如何找到使用中位数星火 [英] How to find median using Spark

查看:2390
本文介绍了如何找到使用中位数星火的处理方法,对大家解决问题具有一定的参考价值,需要的朋友们下面随着小编来一起学习吧!

问题描述

我如何使用分布式方法找到整数RDD的中位数,IPython的,和Spark?该RDD是约700 000元,因此过大收集和发现中位数。

How can I find median of a rdd of integers using a distributed method, IPython, and Spark? The rdd is approximately 700,000 elements and therefore too large to collect and find the median.

此问题是类似这个问题。然而,问题的答案是使用Scala,我就不知道了。

This question is similar to this question. However, the answer to the question is using Scala, which I do not know.

<一个href=\"http://stackoverflow.com/questions/28158729/how-can-i-calculate-exact-median-with-apache-spark\">How我可以精确计算中位数与Apache星火?

使用的斯卡拉答案的思维,我试图用Python语言编写了类似的回答。

Using the thinking for the Scala answer, I am trying to write a similar answer in Python.

我知道我首先要排序的RDD。我不知道怎么。我看 sortBy (排序此RDD由给定keyfunc)和 sortByKey (排序此RDD,这是假设包括(键,值)对。)方法。我认为两者都使用键值和我的RDD只有整数元素。

I know I first want to sort the rdd. I do not know how. I see the sortBy (Sorts this RDD by the given keyfunc) and sortByKey (Sorts this RDD, which is assumed to consist of (key, value) pairs.) methods. I think both use key value and my RDD only has integer elements.


  1. 首先,我想这样做的 myrdd.sortBy(波长X:X)

  2. 接下来,我会发现RDD( rdd.count())的长度。

  3. 最后,我想找到的元素,或在RDD中心2个元素。我需要用这种方法帮助了。

  1. First, I was thinking of doing myrdd.sortBy(lambda x: x)?
  2. Next I will find the length of the rdd (rdd.count()).
  3. Finally, I want to find the element or 2 elements at the center of the rdd. I need help with this method too.

编辑:

我有一个想法。也许我可以索引我RDD,然后键入=指数值=元素。然后,我可以尝试按值进行排序?我不知道这是可能的,因为只有一个 sortByKey 方法。

I had an idea. Maybe I can index my rdd and then key = index and value = element. And then I can try to sort by value? I don't know if this is possible because there is only a sortByKey method.

推荐答案

您可以使用 approxQuantile 方法,它实现的格林沃尔德-卡纳算法

Spark 2.0+:

You can use approxQuantile method which implements Greenwald-Khanna algorithm:

的Python

df.approxQuantile("x", [0.5], 0.25)

斯卡拉

df.stat.approxQuantile("x", Array(0.5), 0.25)

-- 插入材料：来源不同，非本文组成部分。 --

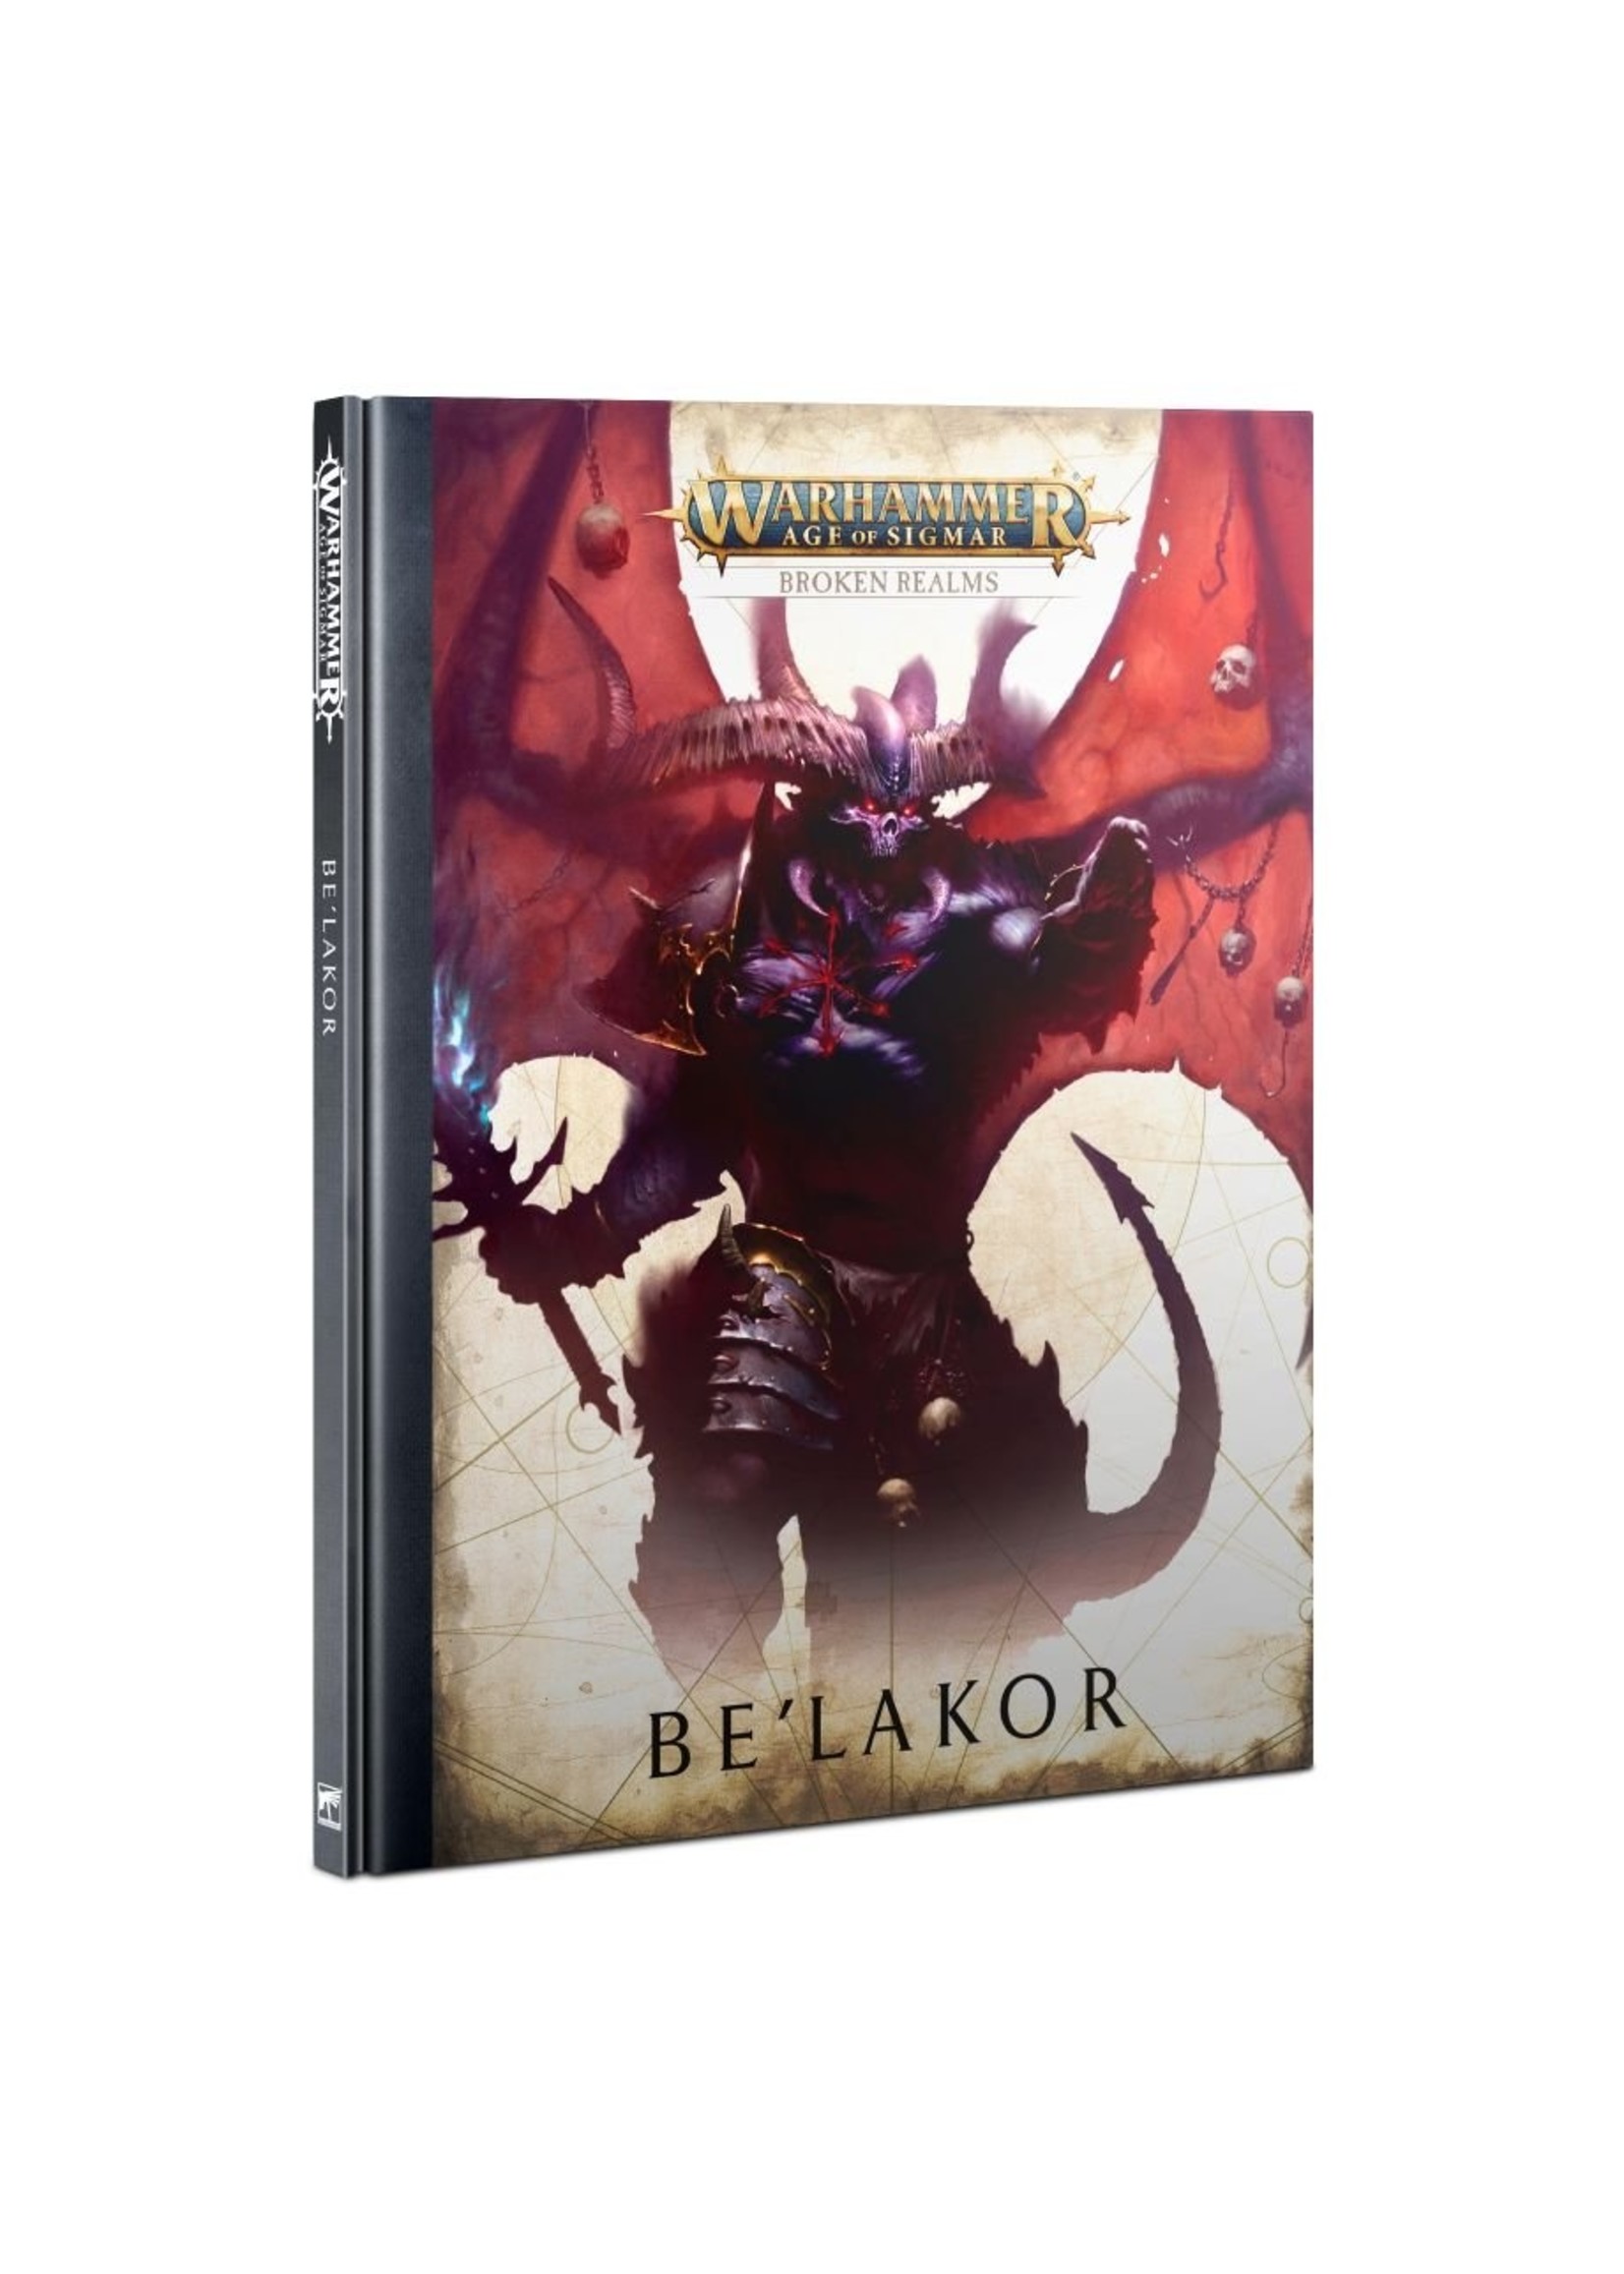 Warhammer Age of Sigmar: Broken Realms - Be'lakor (Hardcover)

,其中最后一个参数是一个相对误差。数字越低,该更准确的结果,更昂贵的计算

where the last parameter is a relative error. The lower the number the more accurate results and more expensive computation.

的Python

正如我在评论中提到过它很可能不值得大惊小怪。如果数据是比较小的像你的情况,然后简单地收集,并在本地计算中位数:

As I've mentioned in the comments it is most likely not worth all the fuss. If data is relatively small like in your case then simply collect and compute median locally:

import numpy as np

np.random.seed(323)
rdd = sc.parallelize(np.random.randint(1000000, size=700000))

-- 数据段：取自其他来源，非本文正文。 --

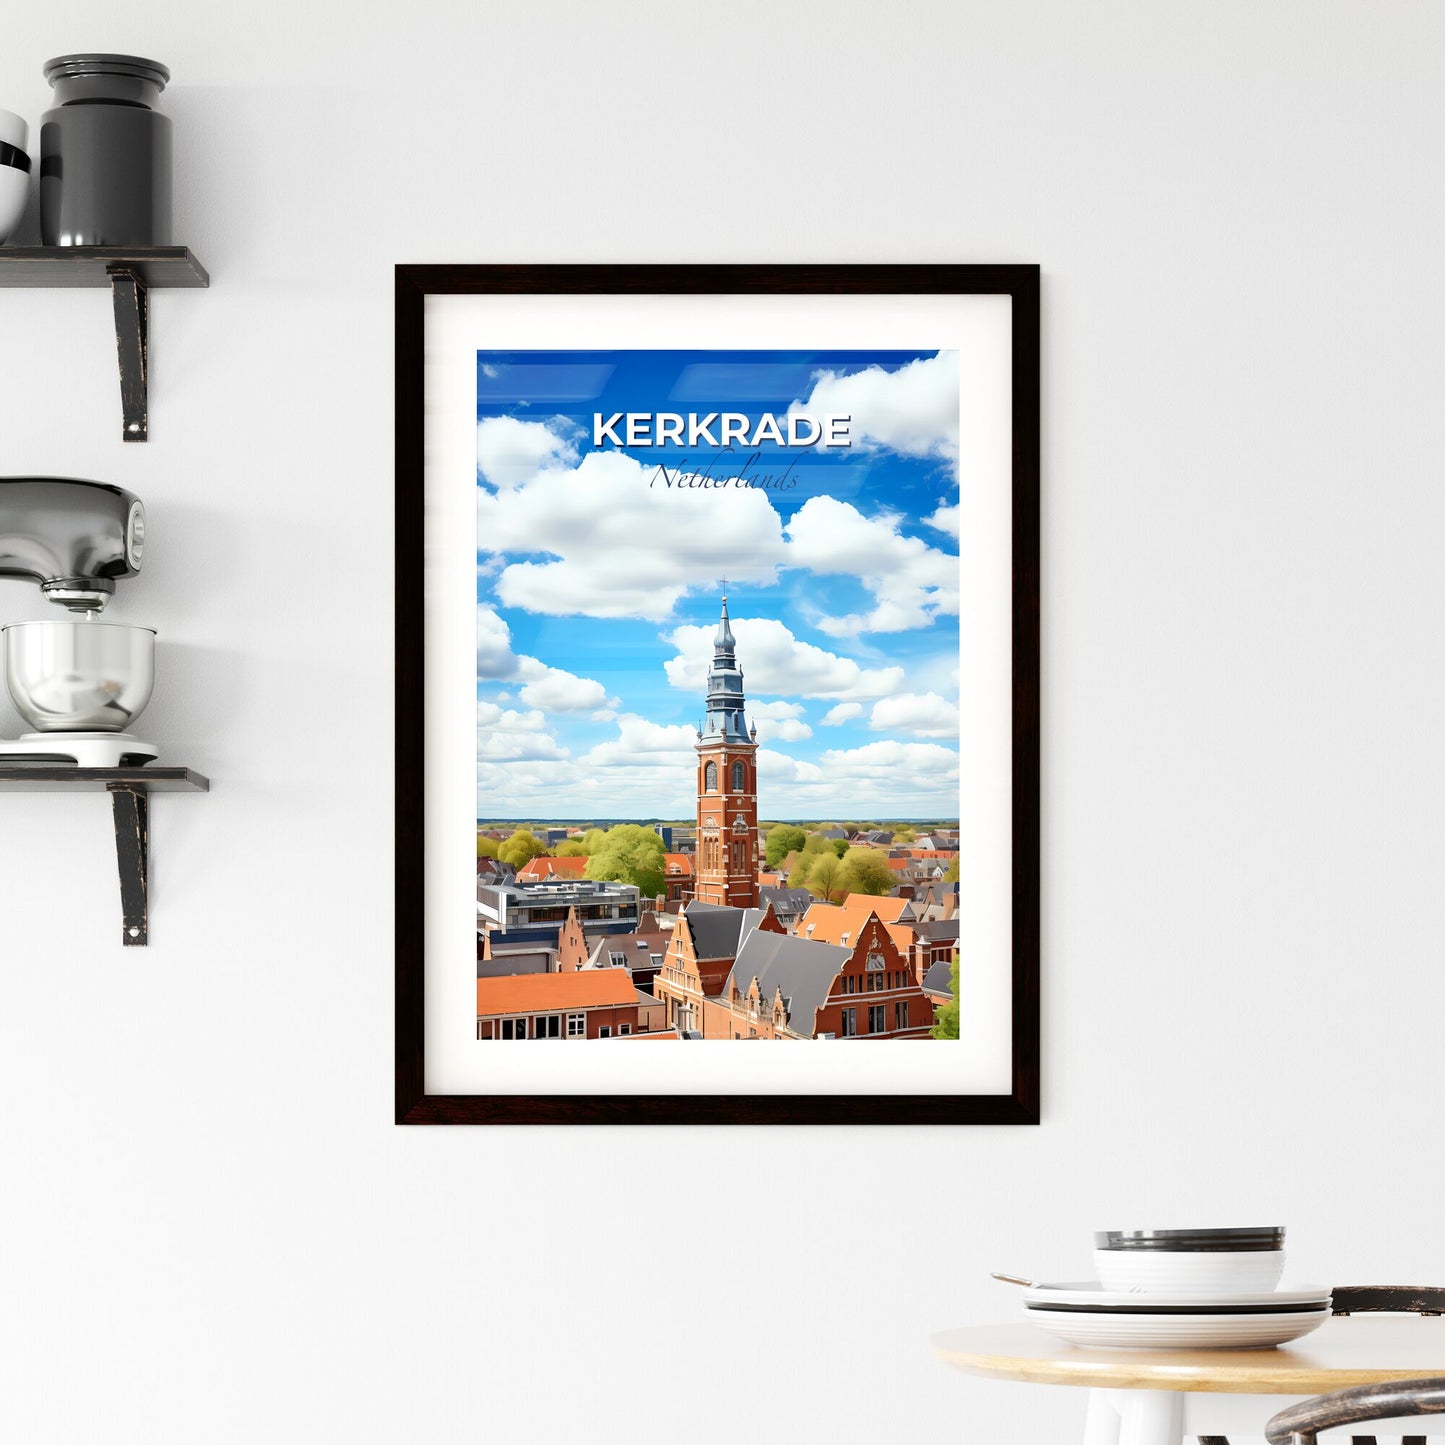 Kerkrade, Netherlands, A Poster of a tower in a city Default Title

%time np.median(rdd.collect())
np.array(rdd.collect()).nbytes

它需要大约0.01秒在我几年的旧电脑及周边内存5.5MB。

It takes around 0.01 second on my few years old computer and around 5.5MB of memory.

如果数据要大得多的排序将是一个限制因素,而不是这样得到一个确切值它可能是更好的样本,收集,并在本地计算。但是,如果你真的想使用星火这样的事情应该做的伎俩(如果我没惹任何东西):

If data is much larger sorting will be a limiting factor so instead of getting an exact value it is probably better to sample, collect, and compute locally. But if you really want a to use Spark something like this should do the trick (if I didn't mess up anything):

from numpy import floor
import time

def quantile(rdd, p, sample=None, seed=None):
    """Compute a quantile of order p ∈ [0, 1]
    :rdd a numeric rdd
    :p quantile(between 0 and 1)
    :sample fraction of and rdd to use. If not provided we use a whole dataset
    :seed random number generator seed to be used with sample
    """
    assert 0 <= p <= 1
    assert sample is None or 0 < sample <= 1

    seed = seed if seed is not None else time.time()
    rdd = rdd if sample is None else rdd.sample(False, sample, seed)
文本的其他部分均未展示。